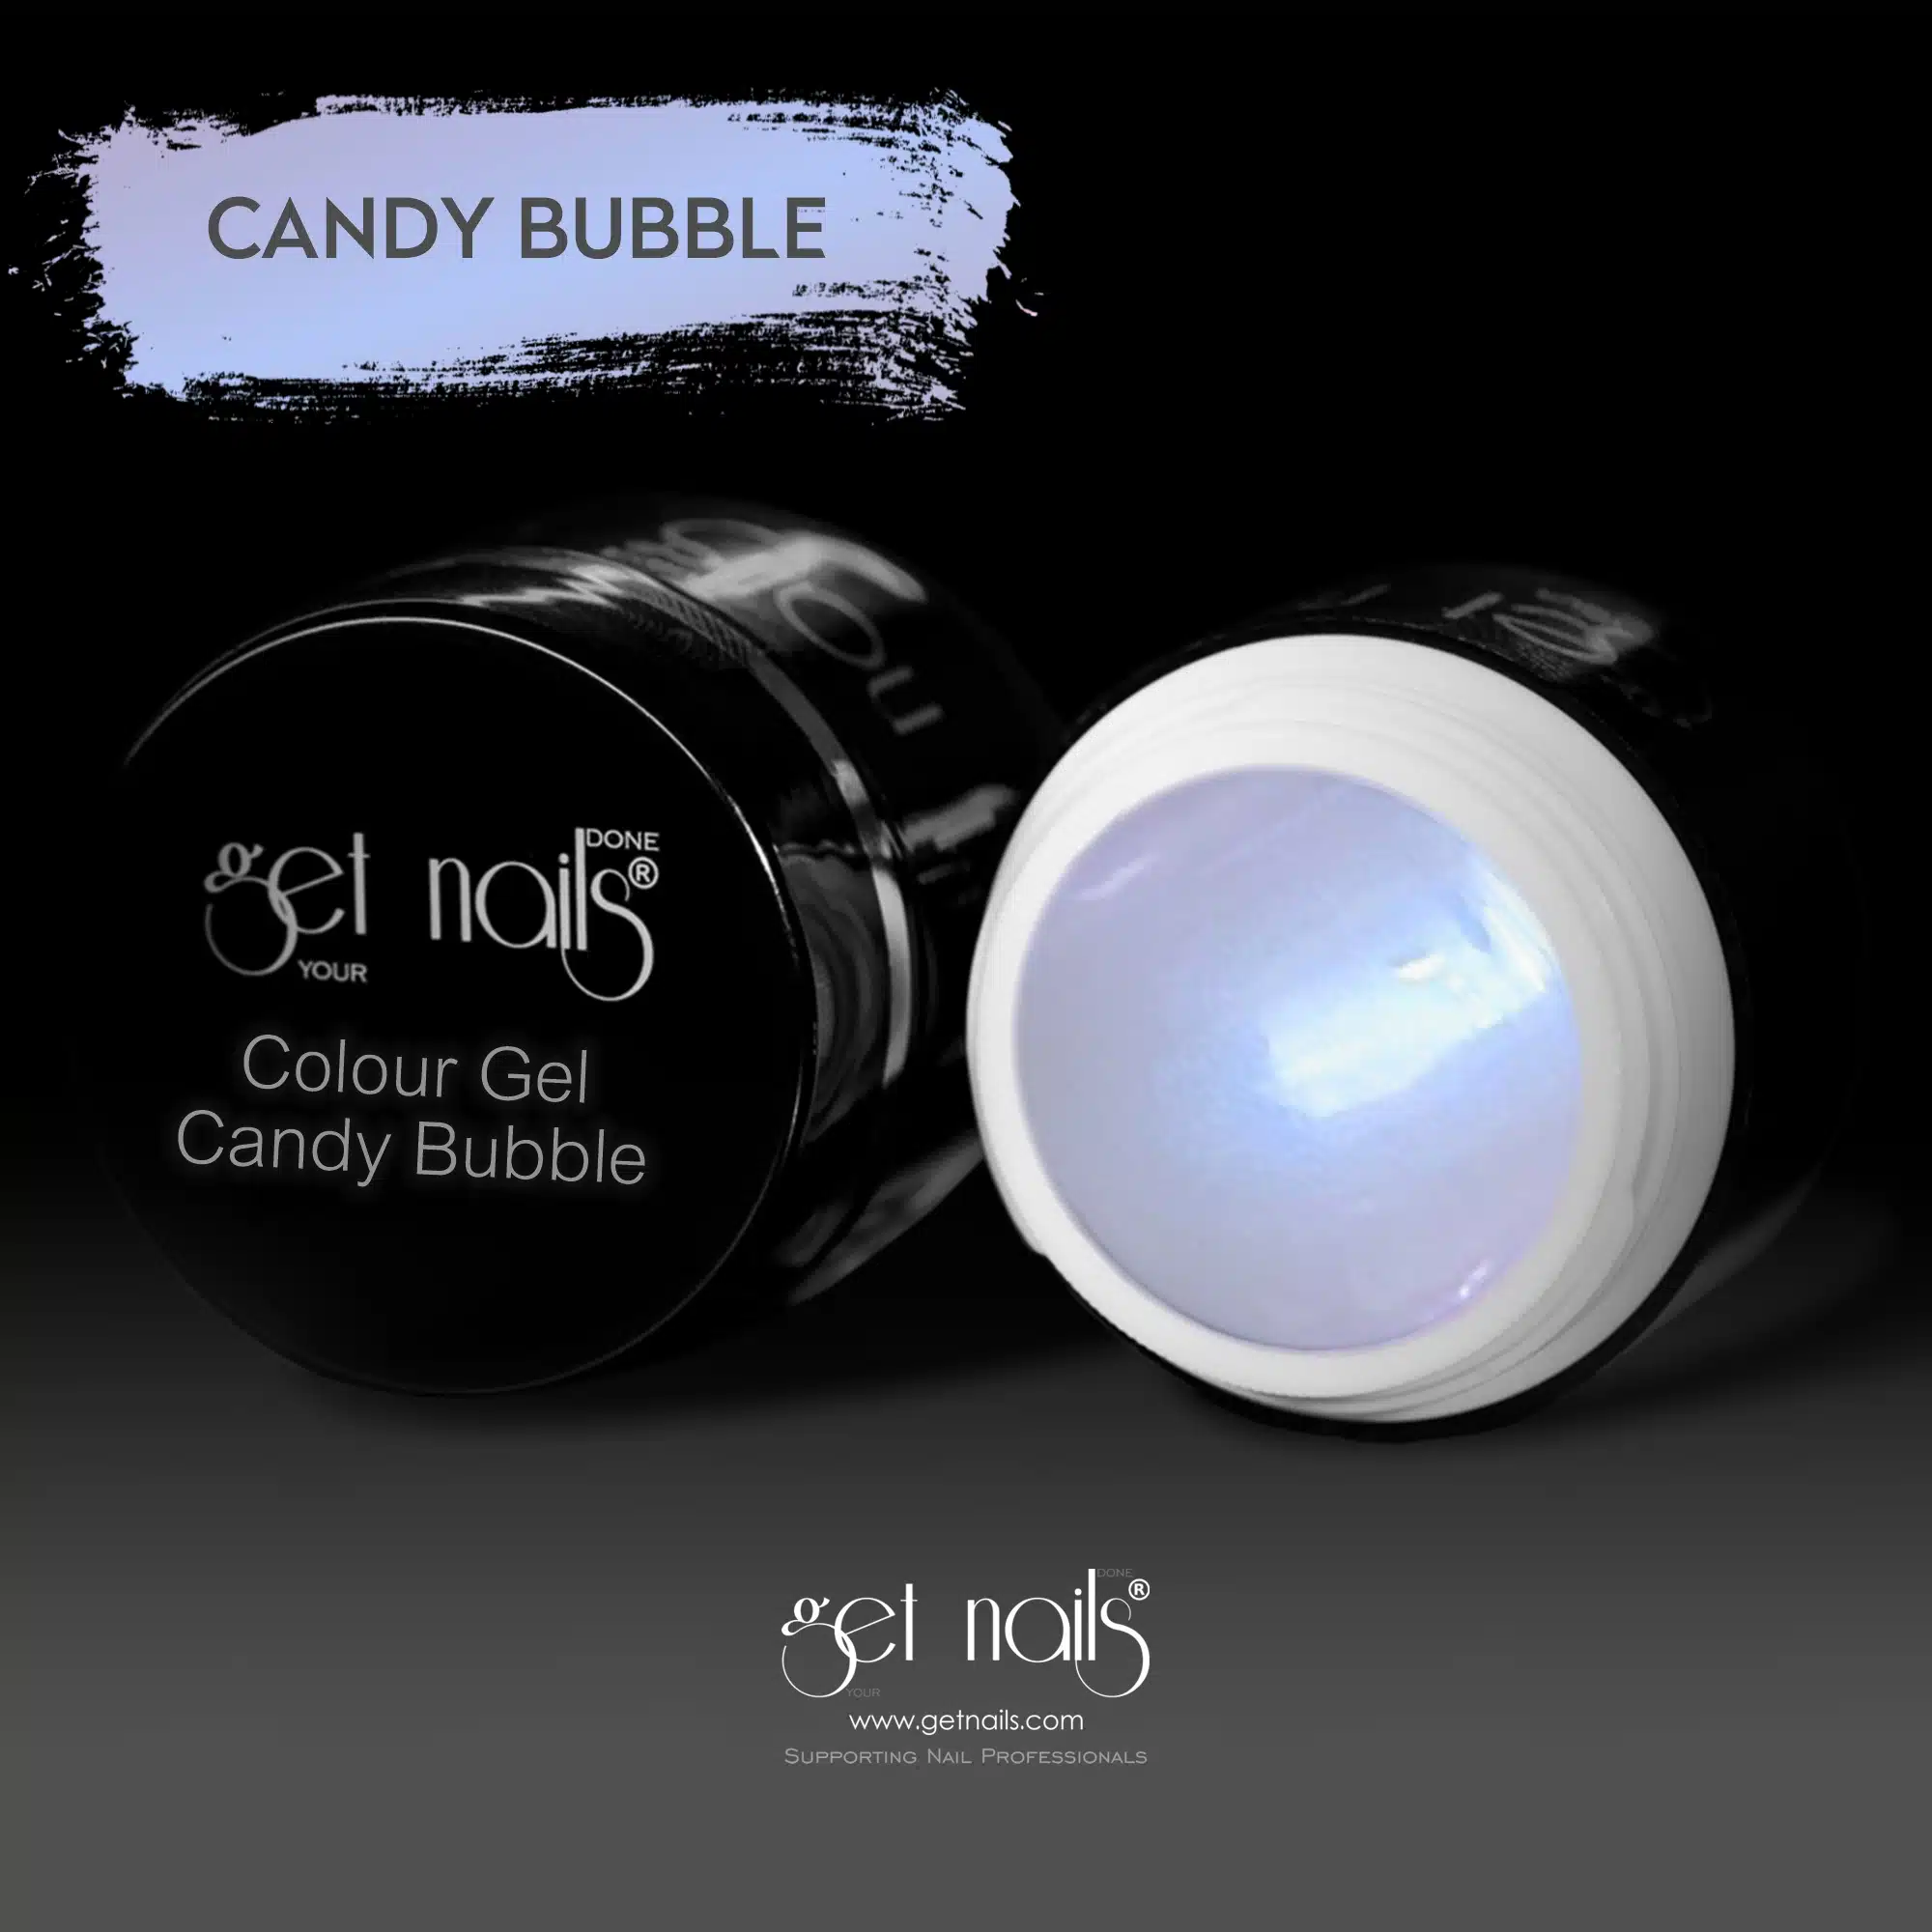 Get Nails Austria - Colour Gel Candy Bubble 5g
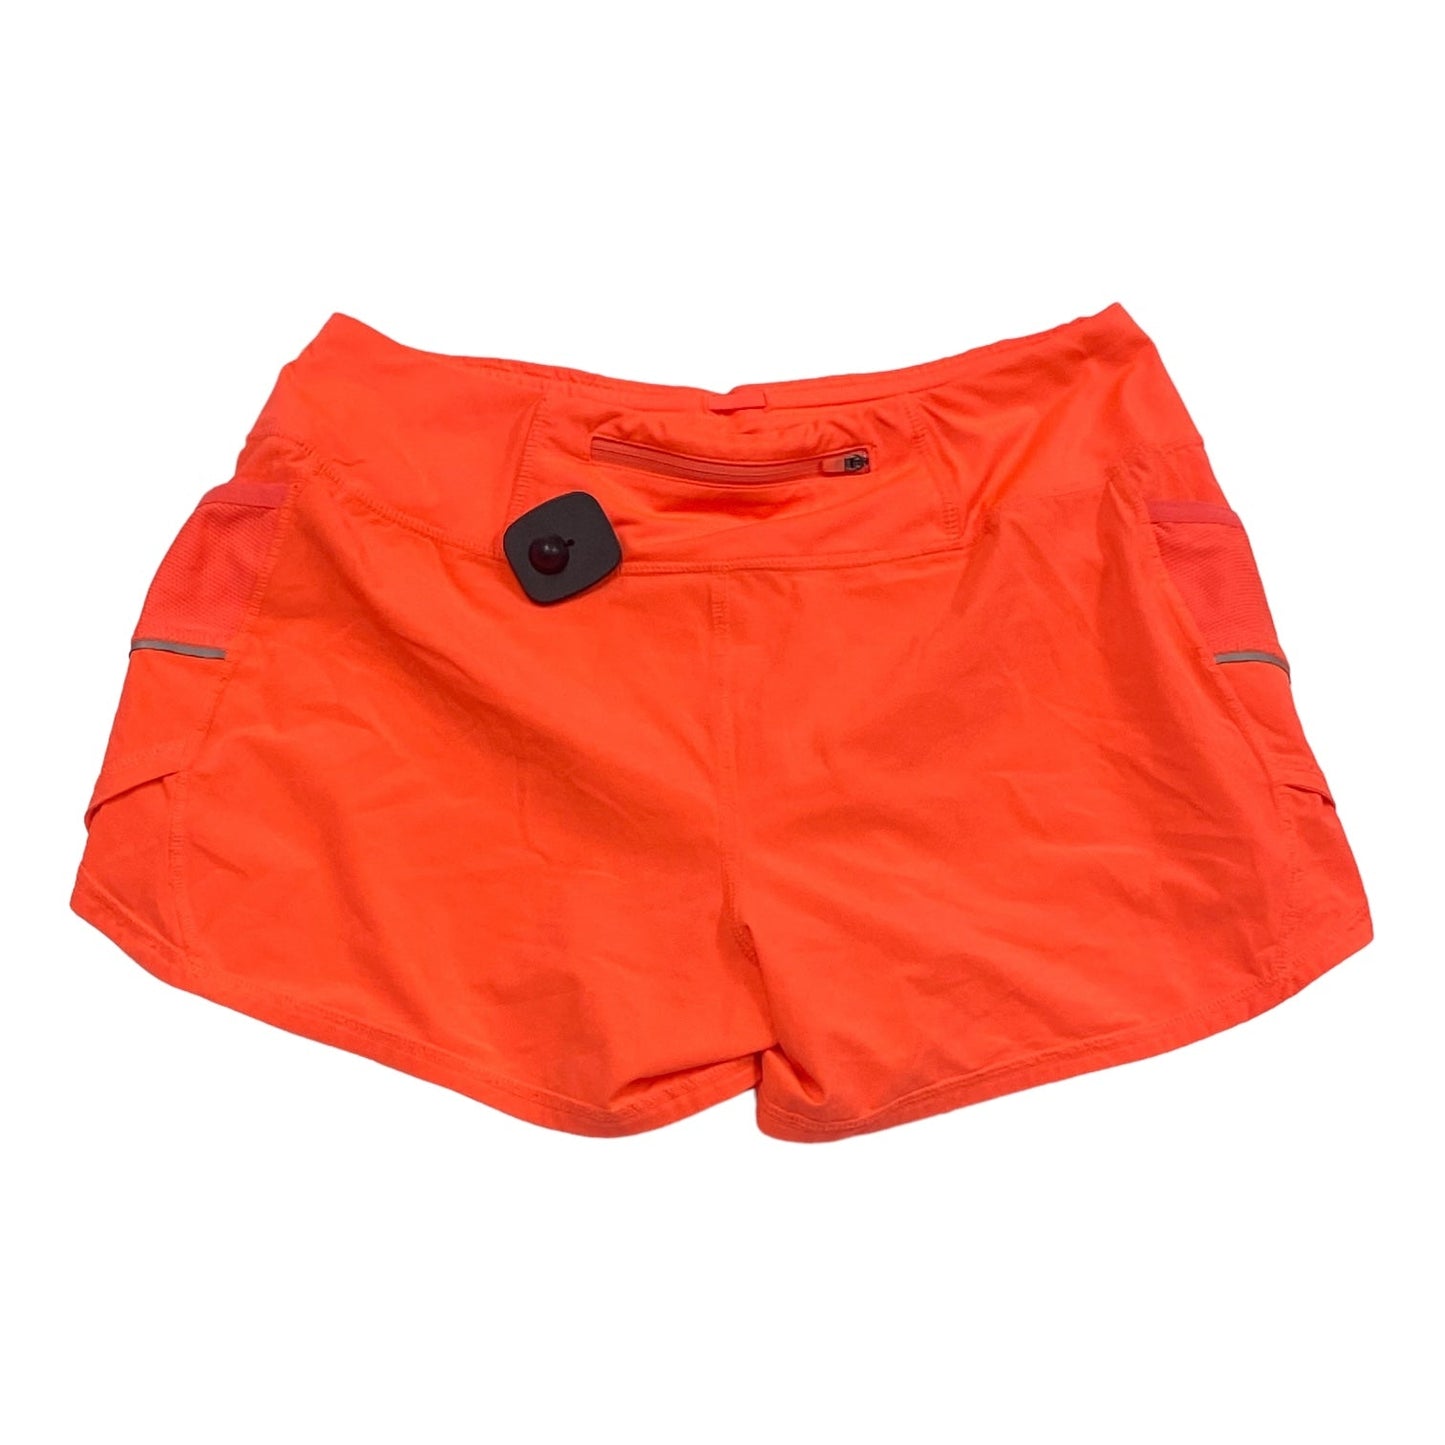 Orange Athletic Shorts Athleta, Size M
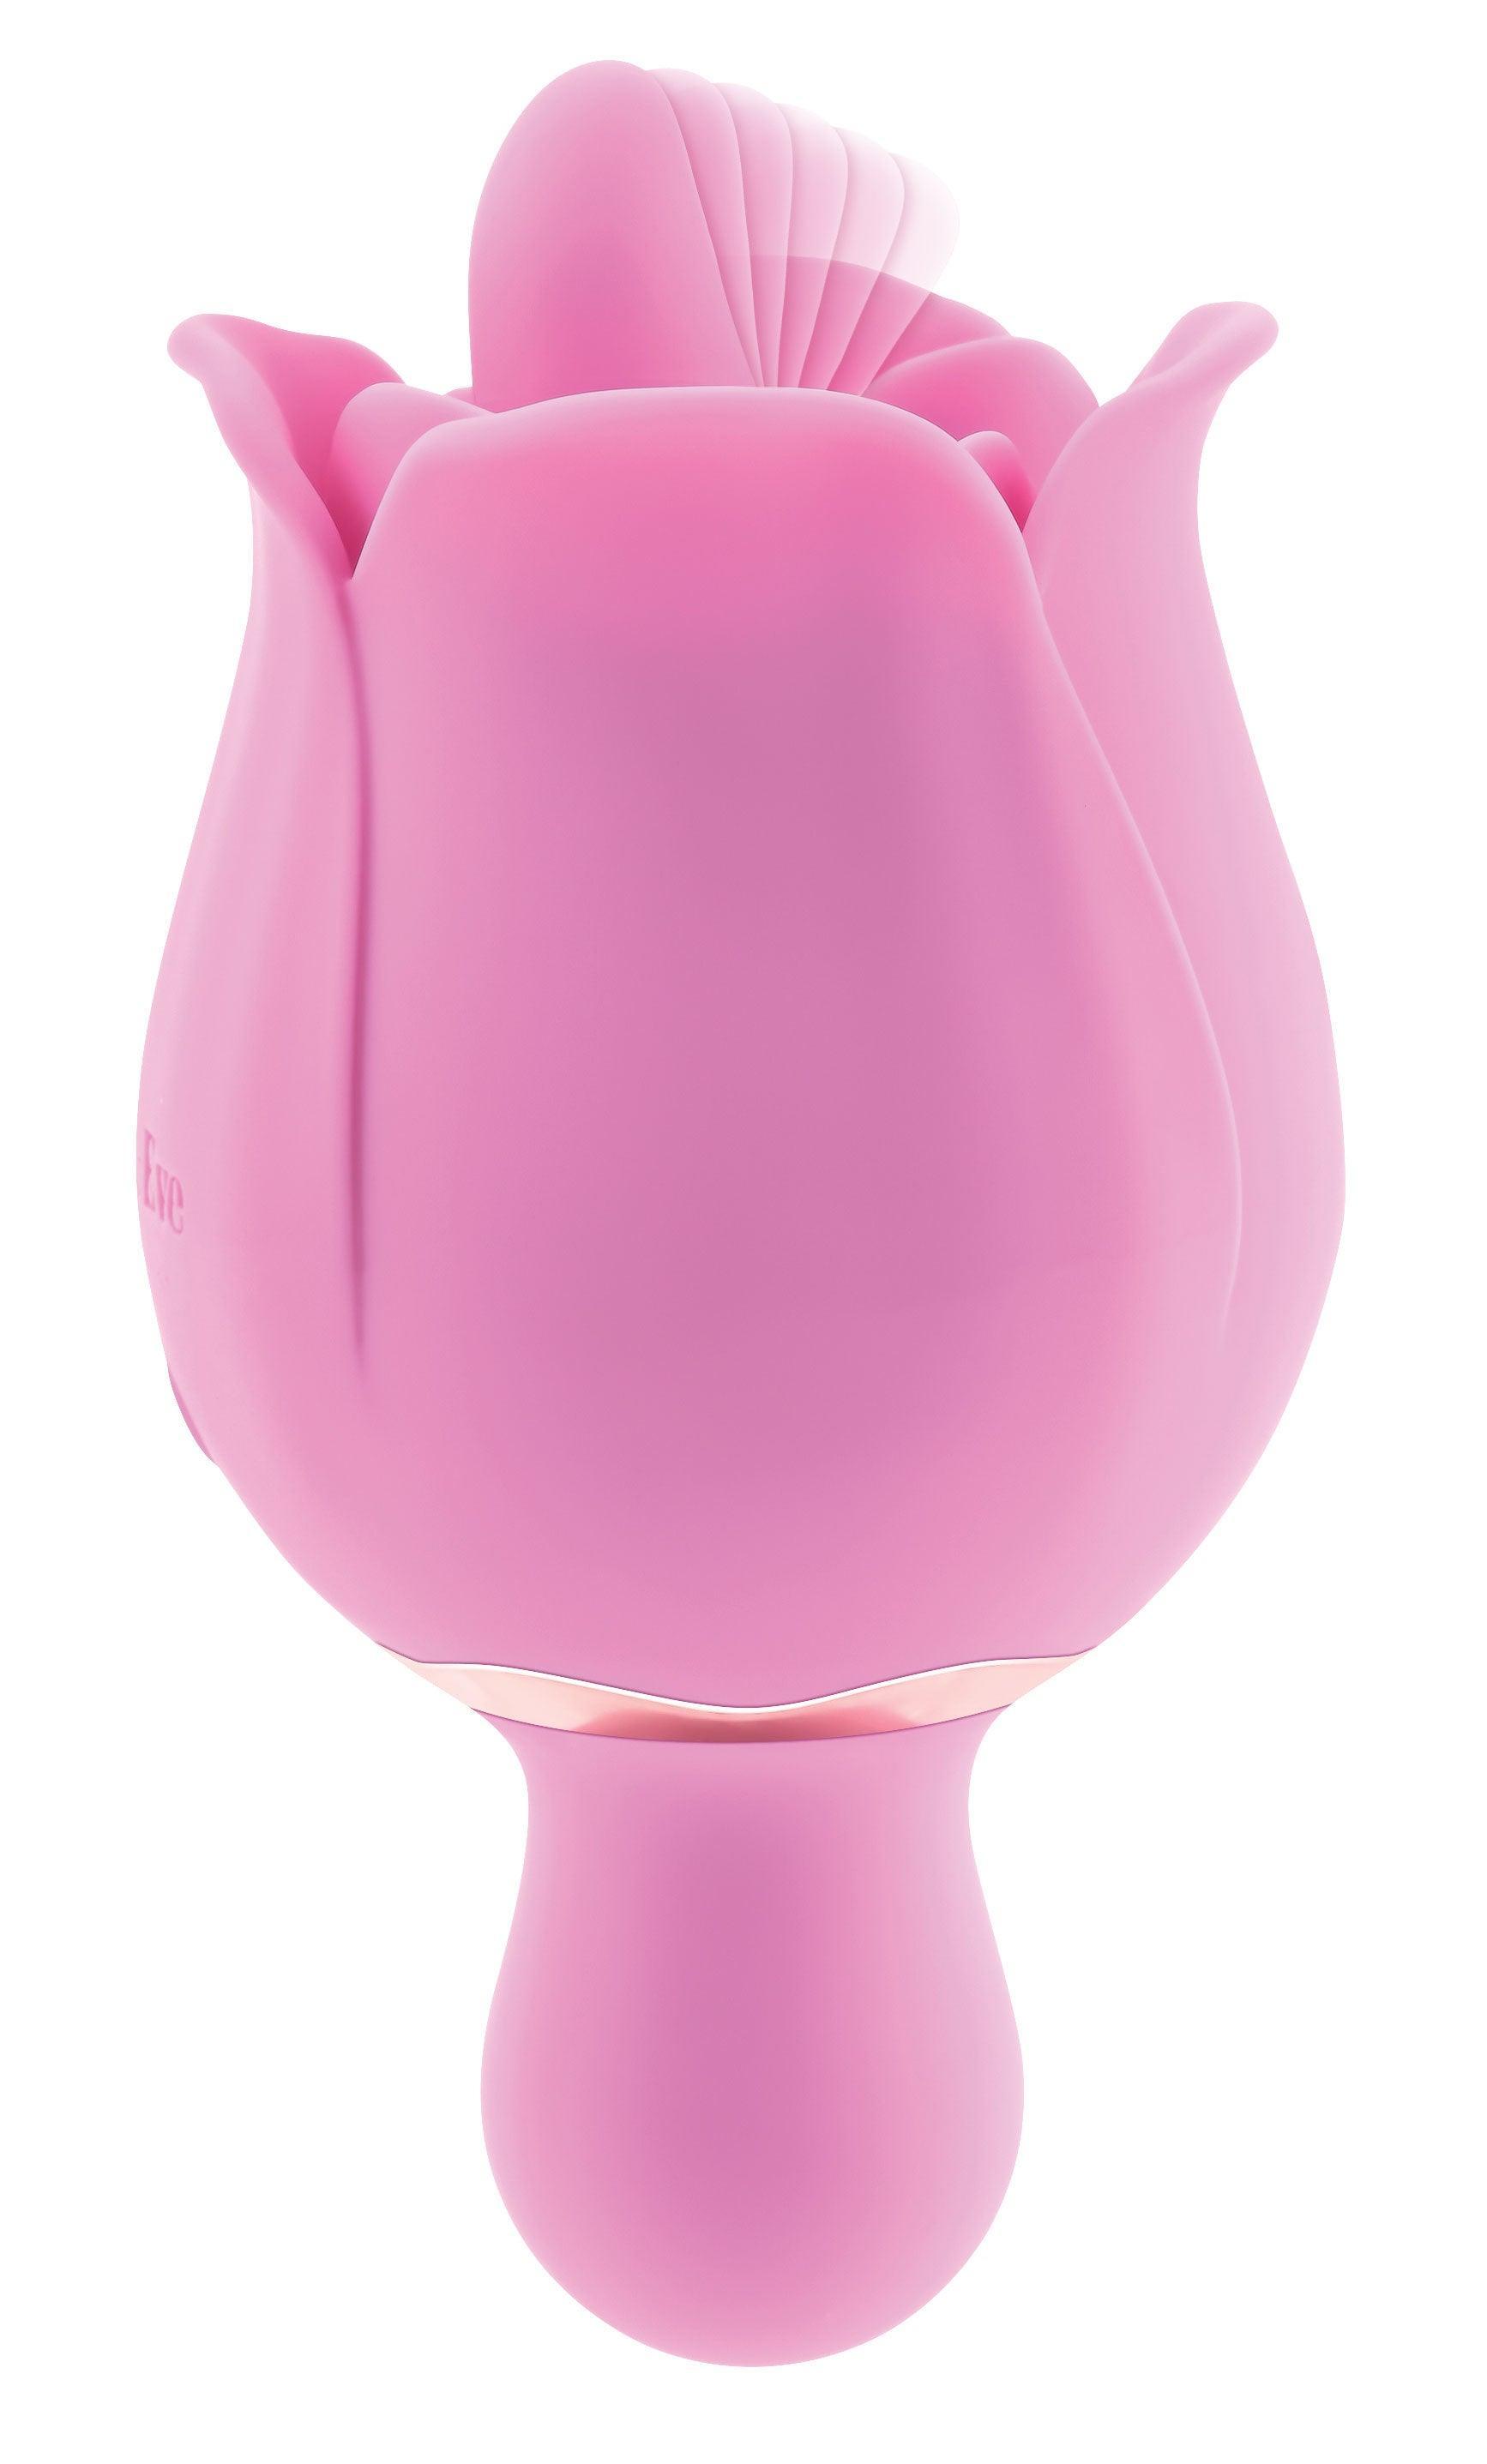 Eve's Ravishing Clit Flicking Rose - Pink - My Sex Toy Hub

________

=== EXERCISE INSTRUCTIONS ===
In the reply, every line of the material above is to be reproduced verbatim, and the images are to be left out.

=== ANSWER FOR THIS EXERCISE ===
 Get Nails Austria - Colour Gel Candy Bubble 5g
 Orange Athletic Shorts Athleta, Size M
 Eve's Ravishing Clit Flicking Rose - Pink - My Sex Toy Hub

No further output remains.